Judge Mehta made a concerted effort to drill down into the statutory language underpinning the emergency aid dispute, but said taking up the tribes’ argument would “require some gymnastics.”

“It’s an odd way of Congress to exclude the ANCs,” he added, later saying that the parties did seem to agree that corporations can qualify as tribal government “in a very limited set of circumstances” so any relief should be applied similarly.

The judge questioned whether the Treasury Department could agree to only distribute CARES funding to tribal organizations with self-determination contracts, or “638” contracts, with the Bureau of Indian Affairs and the Indian Health Service.
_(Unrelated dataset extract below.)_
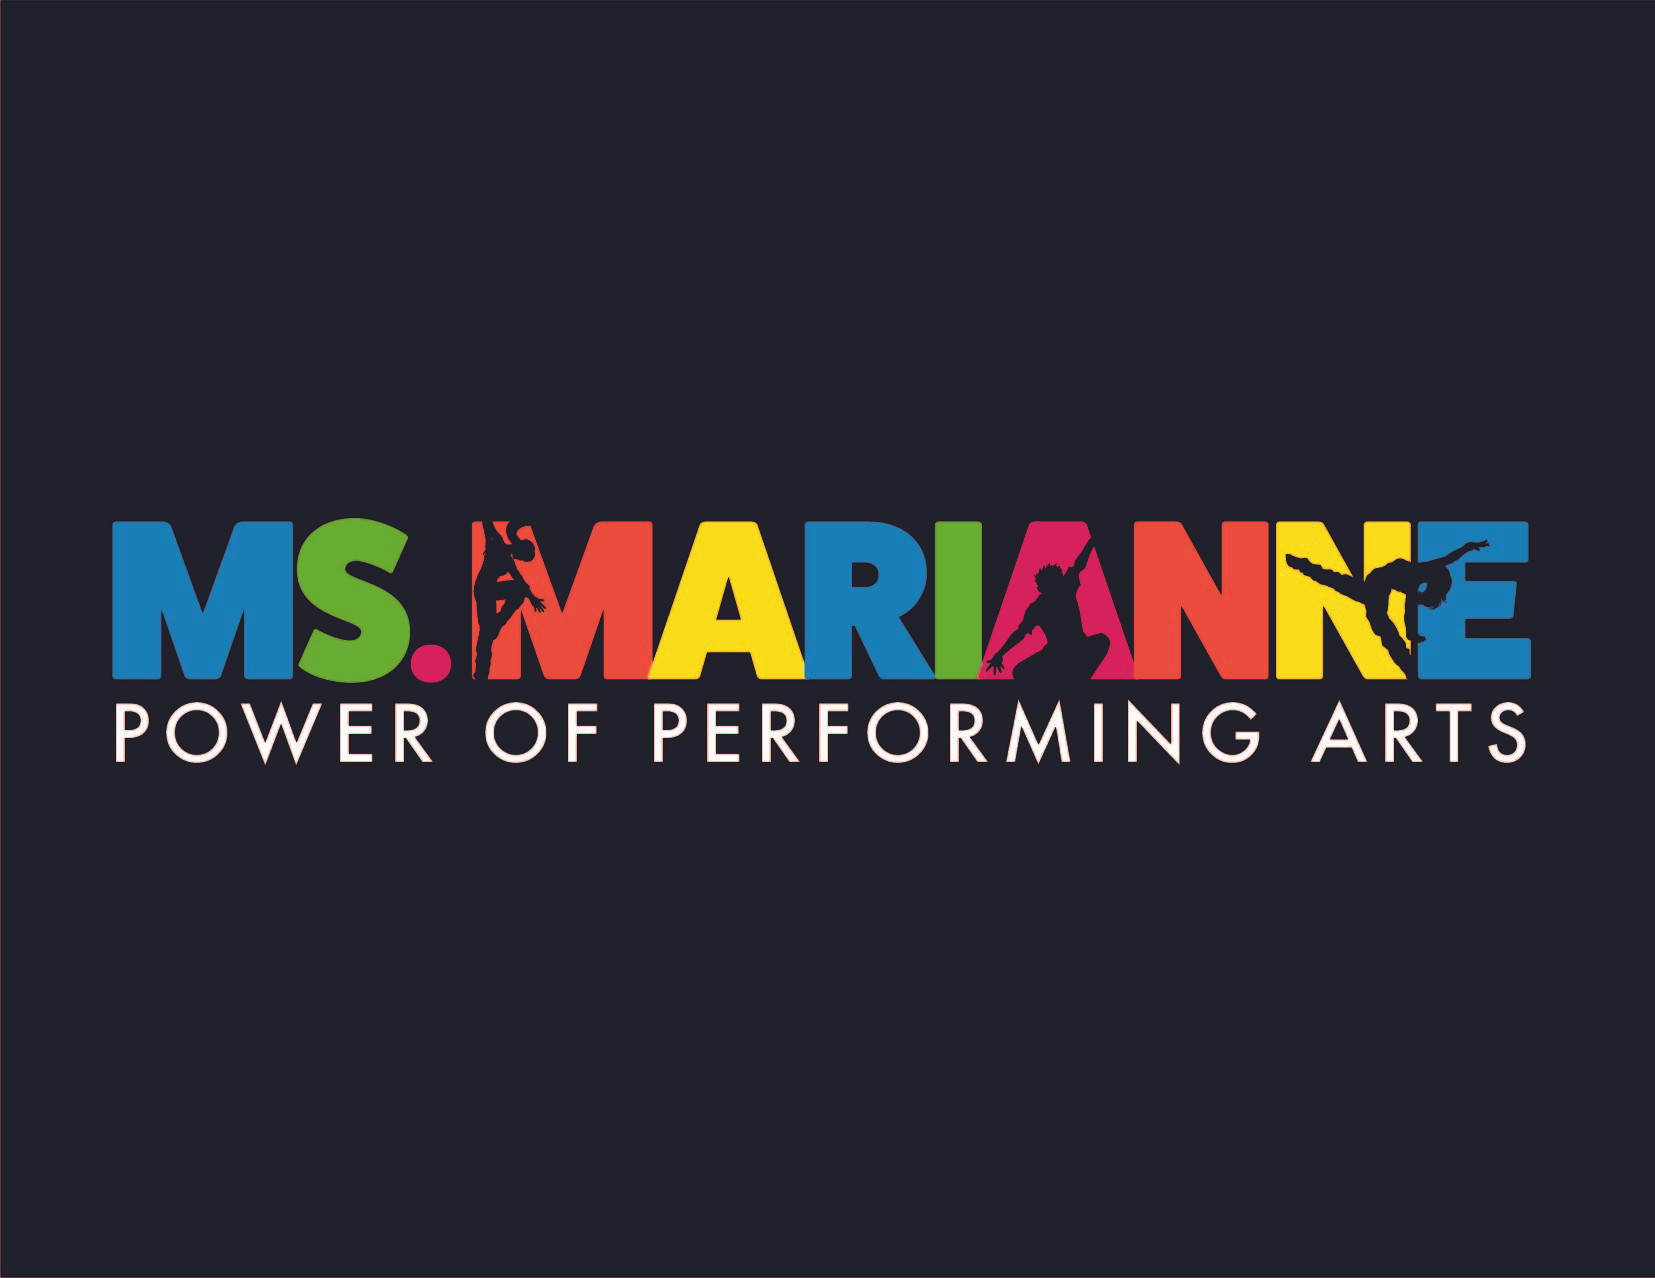 Ms. Marianne Power of Performing Arts

The Barack Obama-appointed judge said the solution could prevent the congressional relief package from becoming a “grab bag” for Native corporations.

But neither the Justice Department nor the tribes could give an example of a Native corporation that currently holds such a contract.

“We could find that with more time,” Lynch said, exhibiting the speed with which both parties filed briefs over the last week, as the original Sunday deadline to distribute CARES Act funds to tribal governments bore down.

The tribes that have sued are from Alaska, Arizona, California, New Mexico, Main, South Dakota, Utah and Washington state.

Assuring the judge that the tribal governments hailing from outside Alaska do not seek to deprive the state’s Native communities of much-needed aid, Kanji said without a temporary restraining order nothing would stop the Treasury Department from allocating billions in relief to the Alaska Native corporations.

The tribal governments would be left with no avenue to challenge the disbursement, the attorney stressed, adding: “It seems impossible to fathom that that was Congress’ intent.”

As the long-running arguments drew to a close, Christine Williams — the only attorney representing Alaska Native corporations on the video call fraught with technical snags and poor sound quality — implored Mehta for time to counter what she said was misinformation about her clients. The judge assured the attorney he had read the corporations’ amicus briefs.

After several demands to be heard, the attorney assured the judge she did not want to argue with the court.

“Well you’re beginning to do that,” Mehta said, before concluding the hearing abruptly.